Aan de Voorzitter van de Tweede Kamer der Staten-Generaal

Den Haag, 5 oktober 2016

Hierbij informeer ik u over recente ontwikkelingen op het gebied van de Europese toelating voor de teelt van genetisch gemodificeerde (gg-)gewassen.

Zoals u weet vindt besluitvorming over de toelating van gg-gewassen plaats op EU-niveau op basis van een veiligheidsbeoordeling. Daarnaast kunnen EU-lidstaten, sinds april 2015, op andere gronden dan veiligheid bepalen of zij teelt van EU-toegelaten gg-gewassen op hun grondgebied willen toestaan1.

Er is dus sinds vorig jaar een duidelijk onderscheid tussen Europese besluitvorming over veiligheid als het gaat om een EU-toelating (stap 1) en nationale besluitvorming over de wenselijkheid van teelt van EU-toegelaten gewassen op nationaal grondgebied (stap 2).

Nederland heeft gebruik gemaakt van de mogelijkheid om de teelt te verbieden (stap 2) van gg-gewassen die al in de EU op basis van de veiligheidsbeoordeling zijn toegelaten (stap 1), alsook van gg-gewassen waarvoor de EU-toelatingsprocedure (stap 1) nog niet is afgerond. In eerdere brieven2 bent u daarover geïnformeerd.

Ingeval van Europese besluitvorming over veiligheid hanteert Nederland een harde voorwaarde: Nederland stemt pas in met een EU-toelating (stap 1) als op basis van onder andere de COGEM adviezen blijkt dat de risico’s van de gg-gewassen verwaarloosbaar klein zijn.

Ik informeer u, middels deze brief, over de voortgang in de besluitvorming over drie gewassen waarvoor de EU-toelatingsprocedure (stap 1) nog niet is afgerond, namelijk: maïs Bt11, maïs 1507 en maïs MON810. De Europese Commissie heeft inmiddels ontwerptoelatingsbesluiten opgesteld waarover alle lidstaten binnenkort moeten beslissen volgens de gebruikelijke stemprocedure.

Over deze drie toelatingsdossiers zijn EFSA-opinies en COGEM adviezen beschikbaar waaruit blijkt dat de risico’s van de gg-gewassen verwaarloosbaar klein zijn.

Maïs MON810 is in de EU al toegelaten voor teelt, maar de geldigheidsduur van die toelating is inmiddels verstreken.

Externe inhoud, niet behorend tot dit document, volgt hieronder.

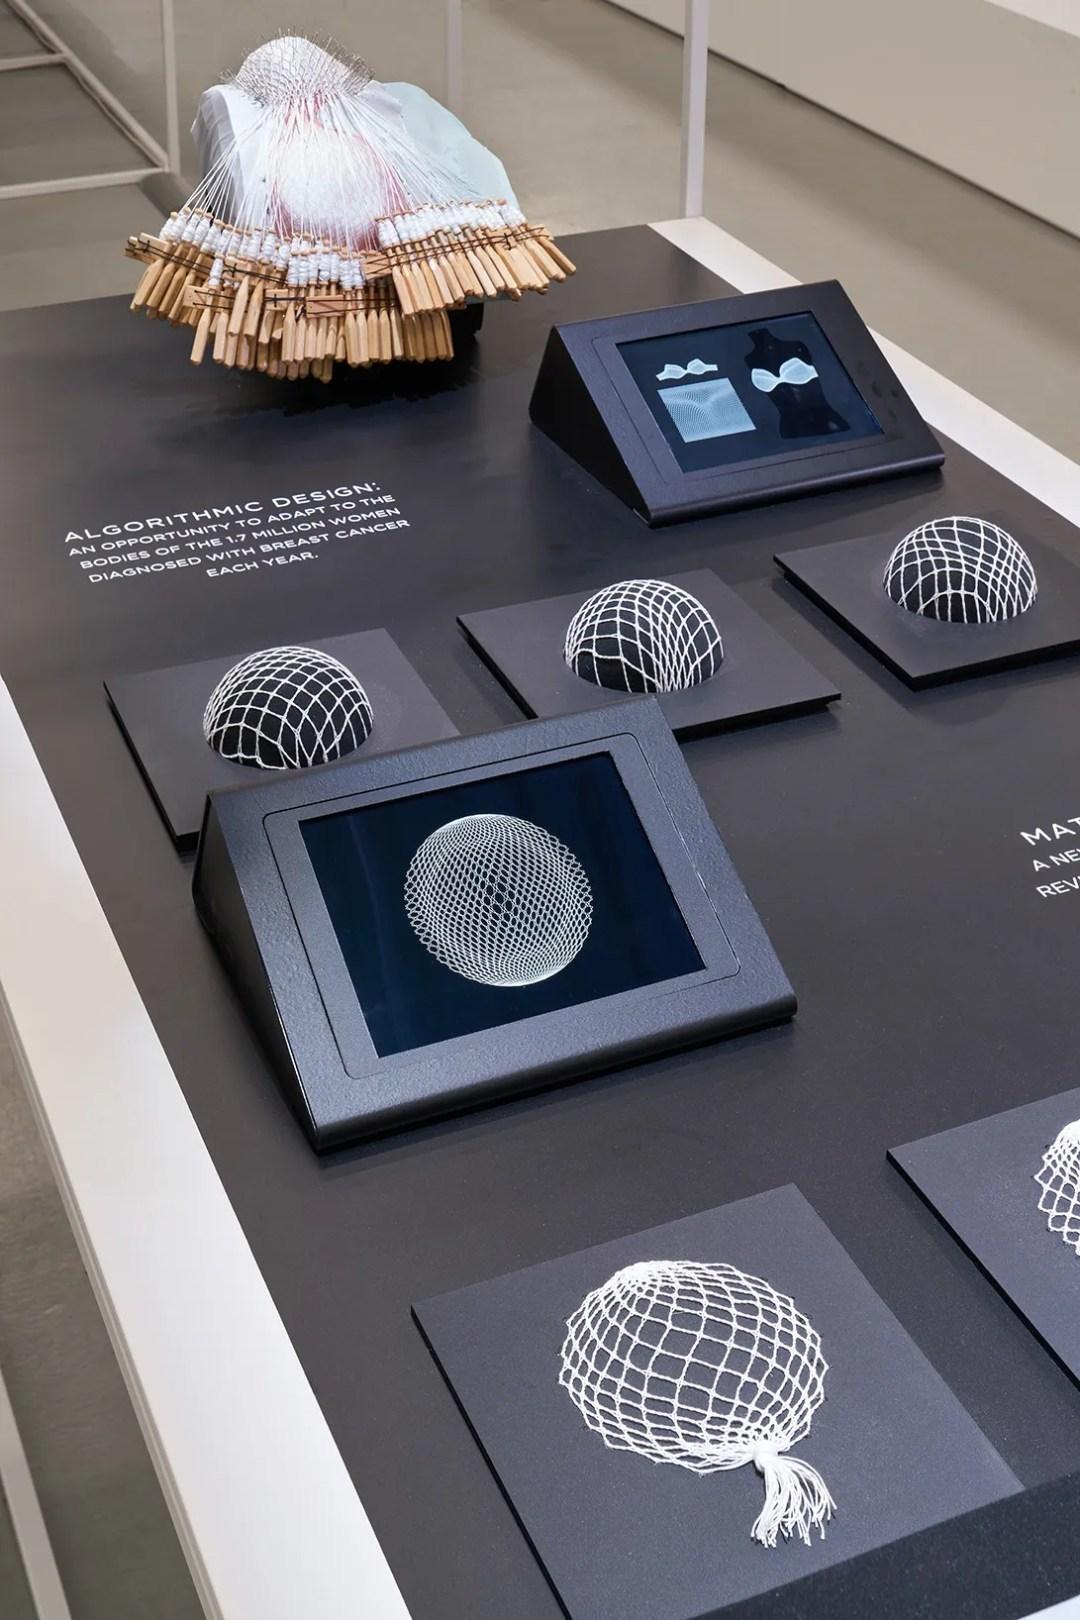 Lexus Design Awards 2019

Een ontwerphernieuwingsbesluit voor dit gewas wordt nu voor besluitvorming voorgelegd.

Over de EU-toelating van maïs Bt11 en maïs 1507 zijn al eerder ontwerpbesluiten voor stemming voorgelegd aan de lidstaten maar destijds kon geen gekwalificeerde meerderheid vóór of tegen toelating worden bereikt, waarna de toelatingsprocedure is gestagneerd.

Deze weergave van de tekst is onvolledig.